In the community, in addition to serving as part of the Commission on Crime, for two decades he served on the Public Disclosure Committee, and was a member of the National Drug Council.

Last Sunday the celebration of the life of William of Grant’s Town in many ways saw a departure from the norm. During the early morning Eucharist, for example, the preacher as a Baptist minister, Bishop Simeon B. Hall of New Covenant Baptist Church, who had actually been baptized at St. Agnes, grew up in Grant’s Town.

Speaking of the archdeacon he had known fairly well, Bishop Hall reminded the rapt congregation: “The cruel death which came to him will never eclipse the nobility of his life . . . some men have much, but do so little – Archdeacon Thompson took what God gave him and touched thousands of lives; each of us should seek to live so that when we come to die we would stand before our God empty of every gift and void of every talent.”
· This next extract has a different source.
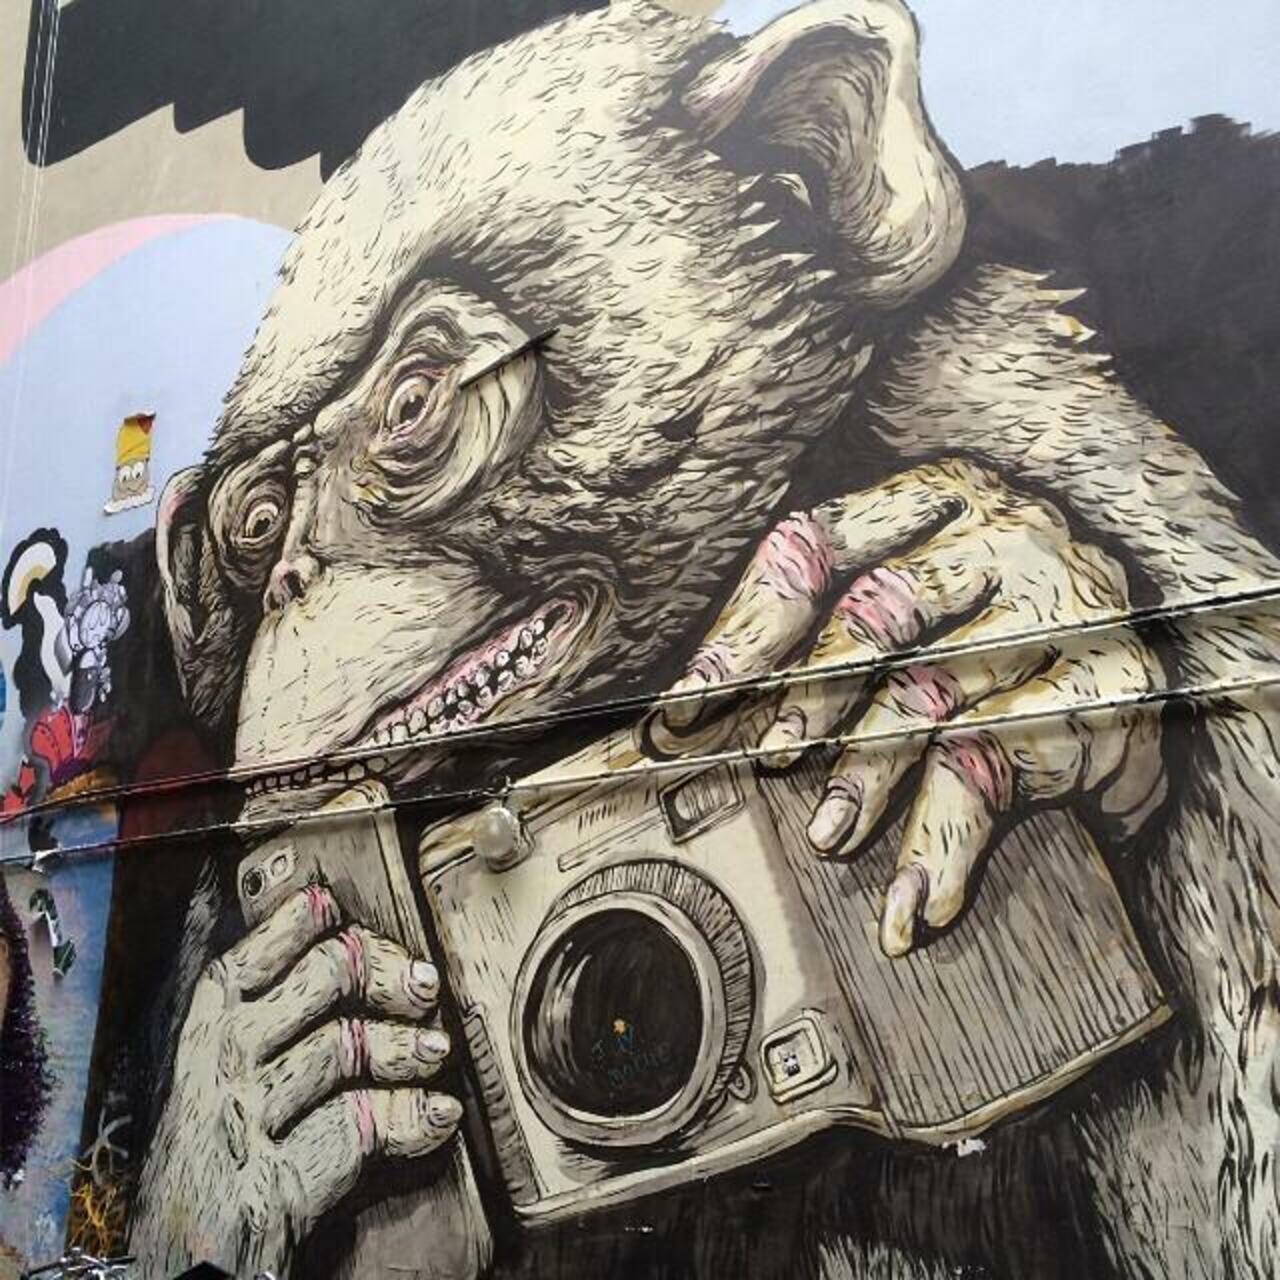 RT @StArtEverywhere: #Berlin #Allemagne #streetart #street #art #urbanart #urbantag #graffiti by becombegeek http://t.co/KinjzpiX95

During a special afternoon service the preacher, Archdeacon James Palacious, spoke as one who had learnt and gained much from Archdeacon Thompson who, among other things, had taught Palacious at St. John’s College.  Importantly, he was able to capture the pure essence of the fallen priest who had no half measures about his beliefs and his commitments, the man from Grant’s Town whose life had always been an open book, who shot straight from the hips, and who had not a bone of ambivalence in him.   “You knew what he was because he never failed to remind you,” Archdeacon Palacious said, “he let you know he was from Grant’s Town, he was a black nationalist, he was a PLP, and he was an Anglican.”

 

Thus was described the exemplary, the archetypical William of Grant’s Town, a man who, as the Baptist prince said, had used what he received from God to touch the lives of thousands, who was so brutally despatched a decade ago, and who is today remembered and revered in his beloved St. Agnes, in the Anglican communion, and far, far beyond the corridors of the Church.

 

What’s in a name? Up through time and around the globe there have been men named William who have been of great consequence in their conquests, on their thrones, and in their countries. Then there was William of Grant’s Town, the quintessential man for all men and all seasons, who in his time made a resounding difference . . . for what it’s worth.